Resulta
difícil encontrar a un ciudadano español que, habiendo efectuado el servicio de
armas durante su juventud, no sienta periódicamente la tentación de recordar
aquella etapa de su vida y de contarla a otros. Pueden ser anécdotas, pueden
ser vejaciones nunca del todo olvidadas, puede ser una amistad inquebrantable,
puede ser un episodio cómico. Así que descubrir un volumen con el título de Ardor guerrero, que recupera el arranque
del himno de la infantería, quizá lleve a algunos a pensar que nos encontramos
ante un catálogo de “batallitas” o de ajustes de cuentas con el ayer. Pero
Antonio Muñoz Molina no busca en estas páginas la mera enumeración de
infortunios o de tristezas cuartelarias, sino que elabora el retrato de un
mundo y de un tiempo atroces: los que conoció y padeció en el País Vasco
durante los primeros años de la democracia recién recuperada, cuando en los
despachos de los mandos militares seguía presente en lugar de privilegio la
imagen de Franco (que él vio en San Sebastián en el otoño de 1979 igual que yo
la vi en Lorca, Murcia, durante el invierno de 1993, cuando el deleznable
dictador llevaba casi veinte años alimentando gusanos).
Fue un tiempo en el que
las calles se veían perturbadas a diario por la violencia de los proetarras y
por la respuesta de los no menos violentos integrantes del Batallón Vasco
Español; en el que las órdenes castrenses eran ladradas y todo parecía dominado
por la ignominia, la tristeza y el desarraigo que experimentaban unos jóvenes
que, arrancados de sus lugares de residencia, eran obligados a permanecer
durante más de un año bajo la férula militar. Aquel chico llamado Antonio Muñoz
Molina venía de la provincia de Jaén y pronto iba a darse cuenta de que la mili
“iba a parecerse mucho no a las historias embusteras que me habían contado mis
tíos y mi padre, sino a aquella angustia, a aquella tristeza ilimitada y
monótona de la cobardía infantil, a la vulnerabilidad de no atreverme a salir a
la calle por miedo a que los más grandes me pegaran, a la conciencia humillada
de no ser fuerte ni temerario ni ágil”. Lo vistieron con una ropa ridícula, más
desangelada que imponente; aprendió con muchas dificultades a desfilar (“Los
pasos humanos sometidos a un ritmo de maquinaria hidráulica”); se acostumbró al
espectáculo cotidiano de las humillaciones (“Lo que yo quería no era acabar con
los verdugos, sino merecer su benevolencia”); repitió las frases y los
comportamientos de quienes lo rodeaban (“No era nada fácil resistir el embate
obstinado de la tontería”); fue incapaz de manejar con un mínimo de destreza
ningún arma de fuego (habla de su “récord inverso durante los ejercicios de
tiro”); tuvo sus más y sus menos con el iracundo sargento Valdés (quien
acostumbraba a moverse por el cuartel “con tumulto mular”); se acomodó como
pudo a aquella atmósfera enrarecida en la que “todo era espeso e interminable,
la mili y el invierno, el aburrimiento y la lluvia”; presenció vilezas,
arbitrariedades y sadismos para las que se encontraría difícil justificación
fuera del mundo militar (“Nada enciende más la crueldad de los canallas que la
indefensión absoluta de sus víctimas”); y, sobre todo, observó con mucha
atención para después contar, que es lo que hacen los escritores de raza.

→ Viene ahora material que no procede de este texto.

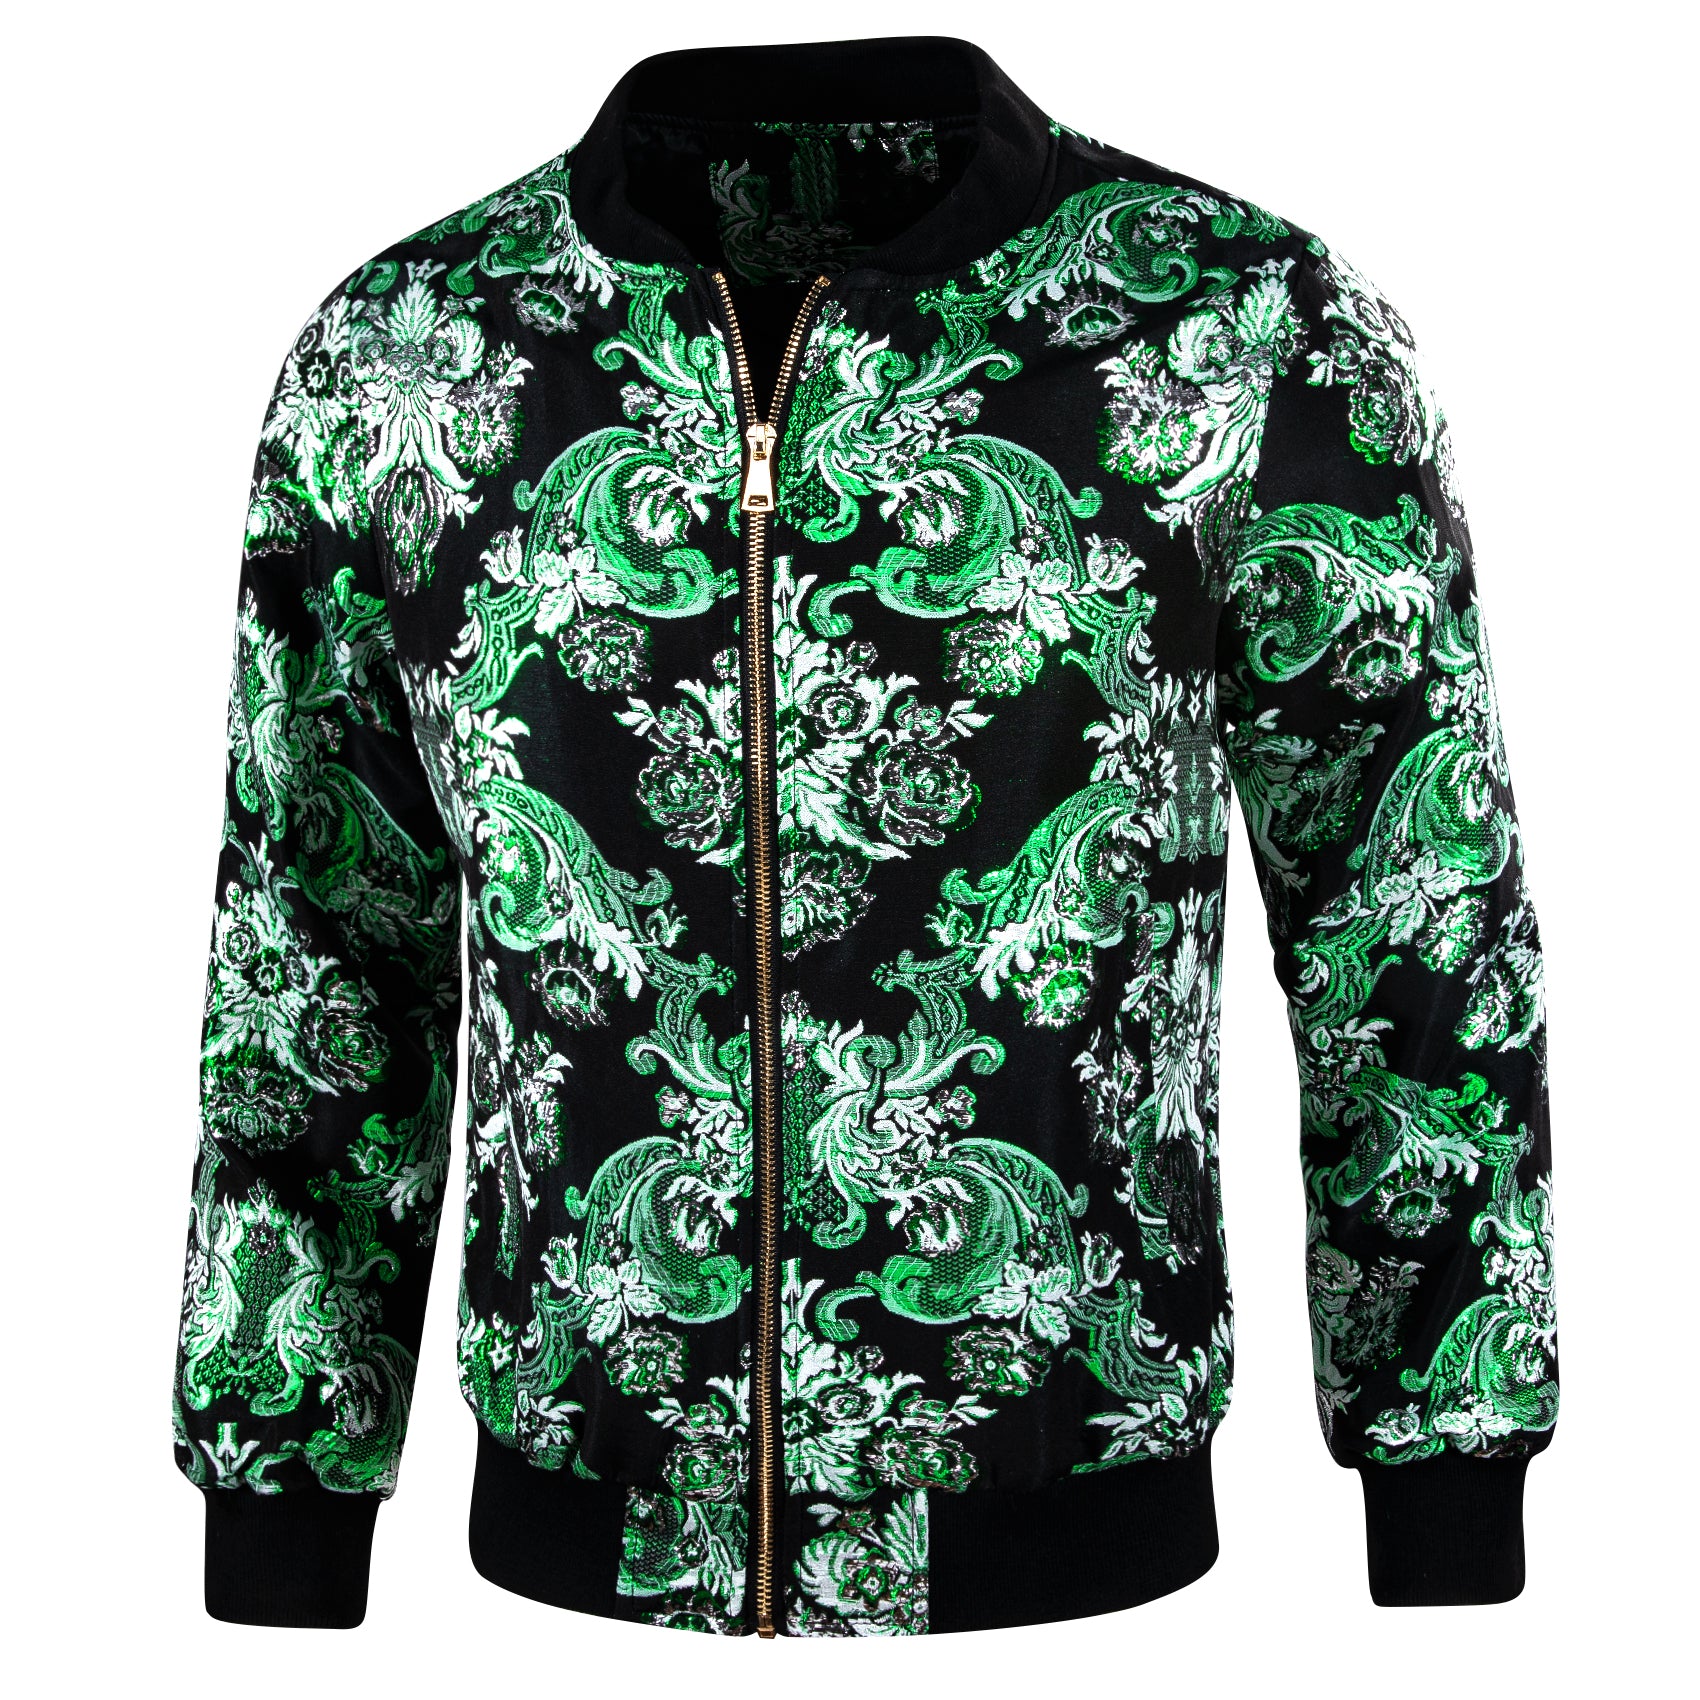 Barry.wang Zipper Jacket Men's Green White Floral Jacquard Paisley Jacket

Ardor guerrero se convierte así en un
documento impagable sobre la naturaleza humana, sobre la forma en que todos
podemos convertirnos en víctimas y en verdugos. Cualquiera que haya hecho la
mili encontrará en este volumen un retrato fidedigno de lo que sintió en
aquellos meses, de las melancolías de sus tardes de domingo, de las imaginarias
atroces, de los abusos perpetrados por psicóticos o dipsómanos con galones, de
la soledad en compañía, de la sensación de pérdida de tiempo, del sinsentido.
Contadas, además, con la prosa excelente de Antonio Muñoz Molina, esas
experiencias se convierten en un libro en el que merece la pena sumergirse.